Las investigaciones muestran que soñar no es sólo un subproducto del sueño, sino que cumple funciones propias e importantes para nuestro bienestar.

A menudo escuchamos historias de personas que han aprendido de sus sueños o se han inspirado en ellos. Pensemos en la historia de Paul McCartney sobre cómo su éxito "Yesterday" le llegó en un sueño, o en la construcción de la tabla periódica de los elementos por parte de Mendeleev, inspirada en sus sueños .

Pero, aunque muchos de nosotros creemos que nuestros sueños tienen un significado especial o un propósito útil, la ciencia se ha mostrado más escéptica ante esta afirmación. En lugar de ser precursores de la creatividad o algún tipo de mensaje de nuestro inconsciente, algunos científicos han considerado que soñar es una consecuencia involuntaria del sueño, un subproducto de la evolución sin ningún beneficio.

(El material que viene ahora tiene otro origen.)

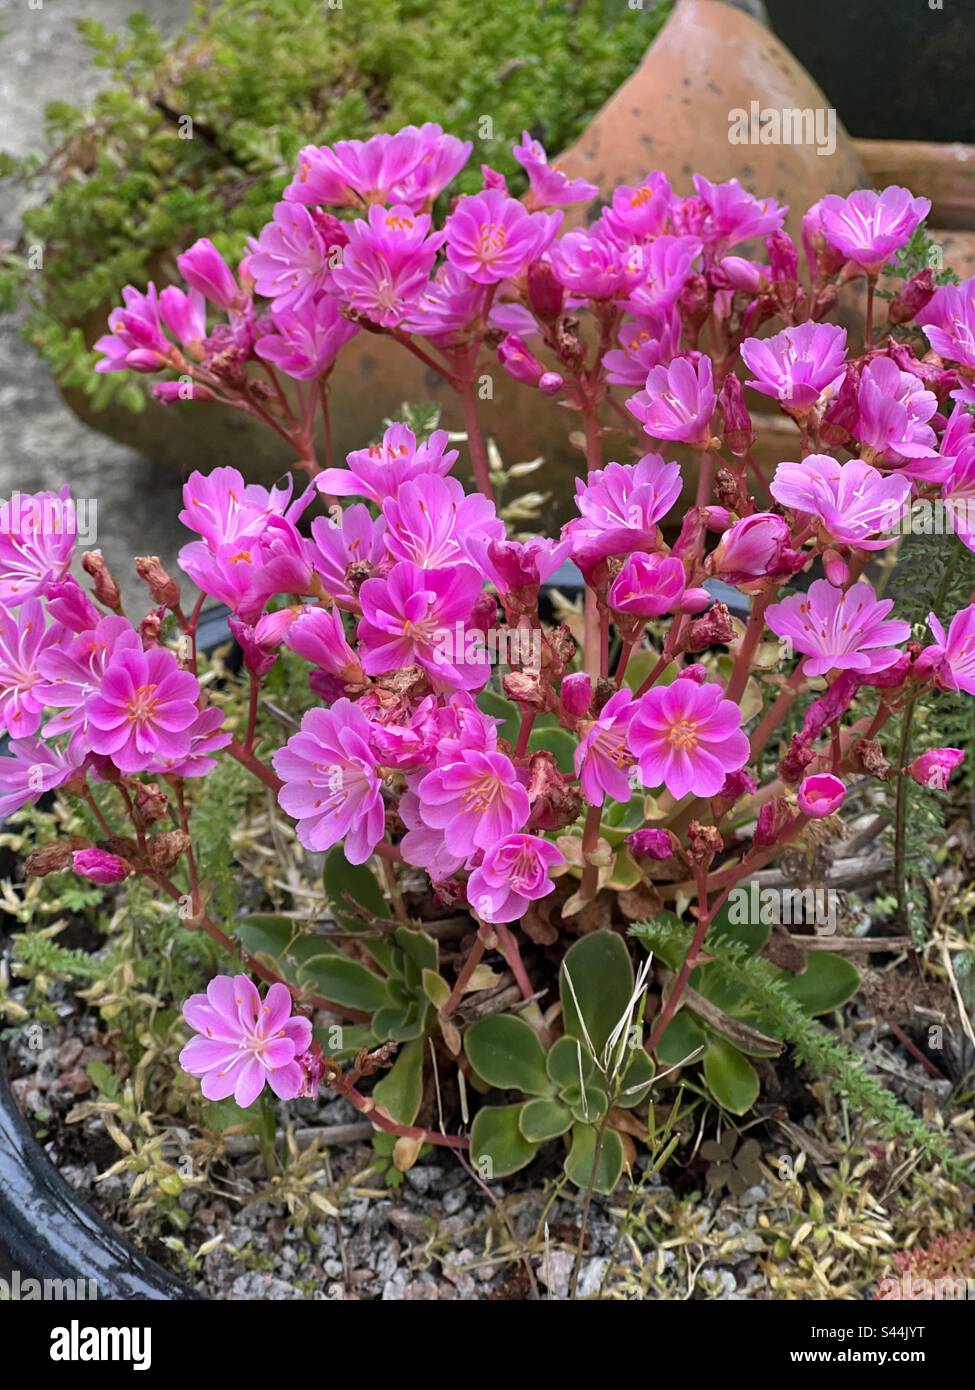 lewisia plant - vibrant pink flowers Stock Photo
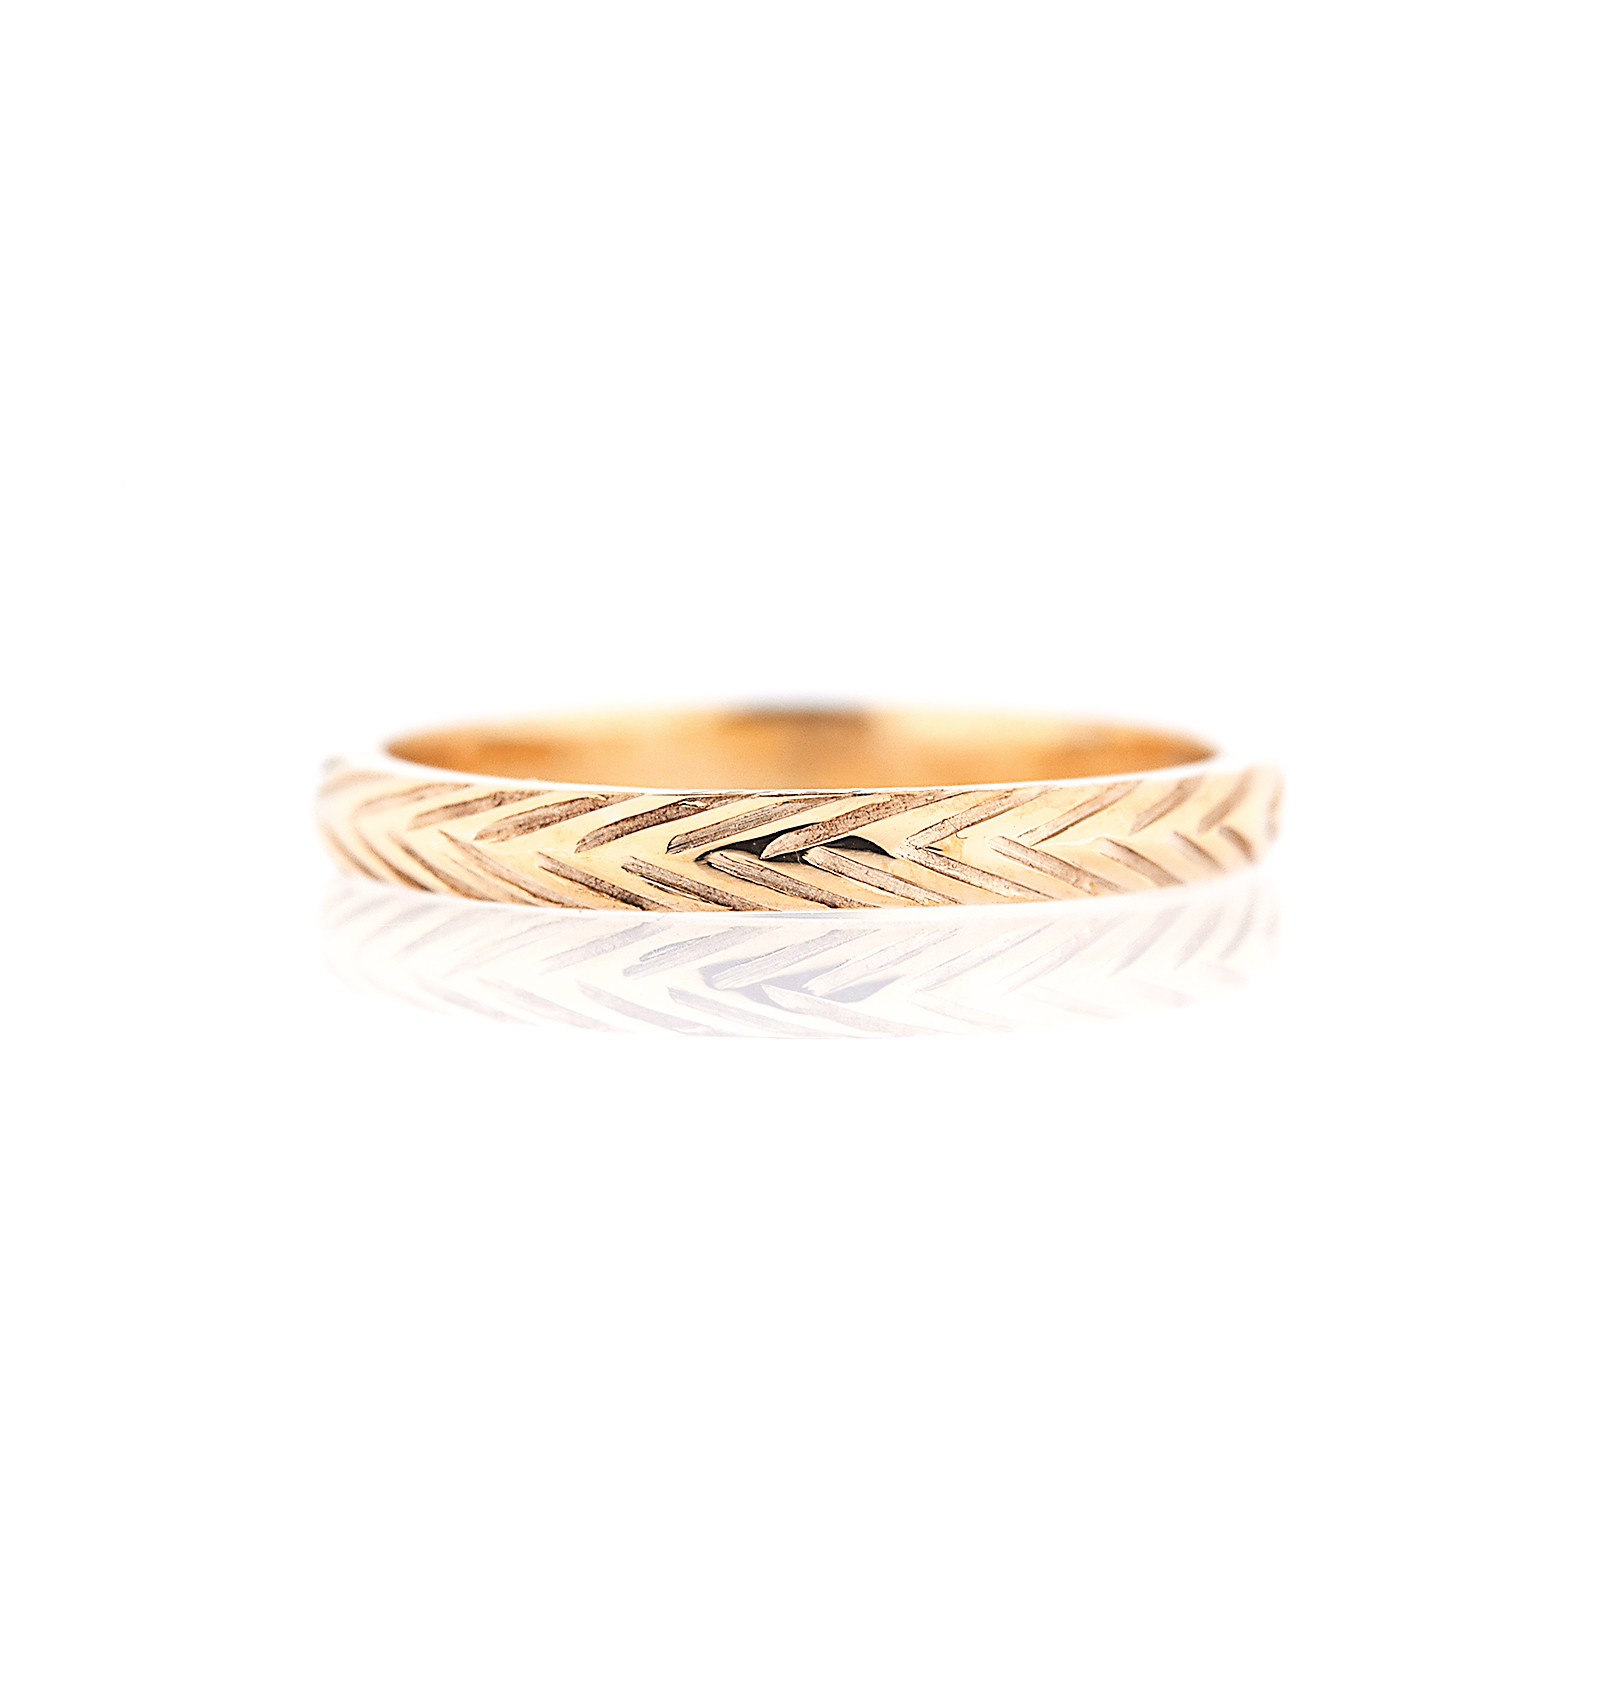 2mm width wheat wedding ring

El sueño en sí es otra historia. Los científicos saben desde hace tiempo que dormir menos está relacionado con enfermedades peligrosas, como cardiopatías y accidentes cerebrovasculares . Cada vez hay más pruebas de que la falta de sueño aumenta el riesgo de obesidad y Alzheimer . Estudios poblacionales a gran escala reflejan una triste realidad: cuanto menos se duerme, más corta es la vida . Además, dormir nos ayuda a conservar la memoria y a aprender datos y habilidades con mayor rapidez, lo que lo hace importante para todos, incluyendo bebés, estudiantes, atletas, pilotos y médicos.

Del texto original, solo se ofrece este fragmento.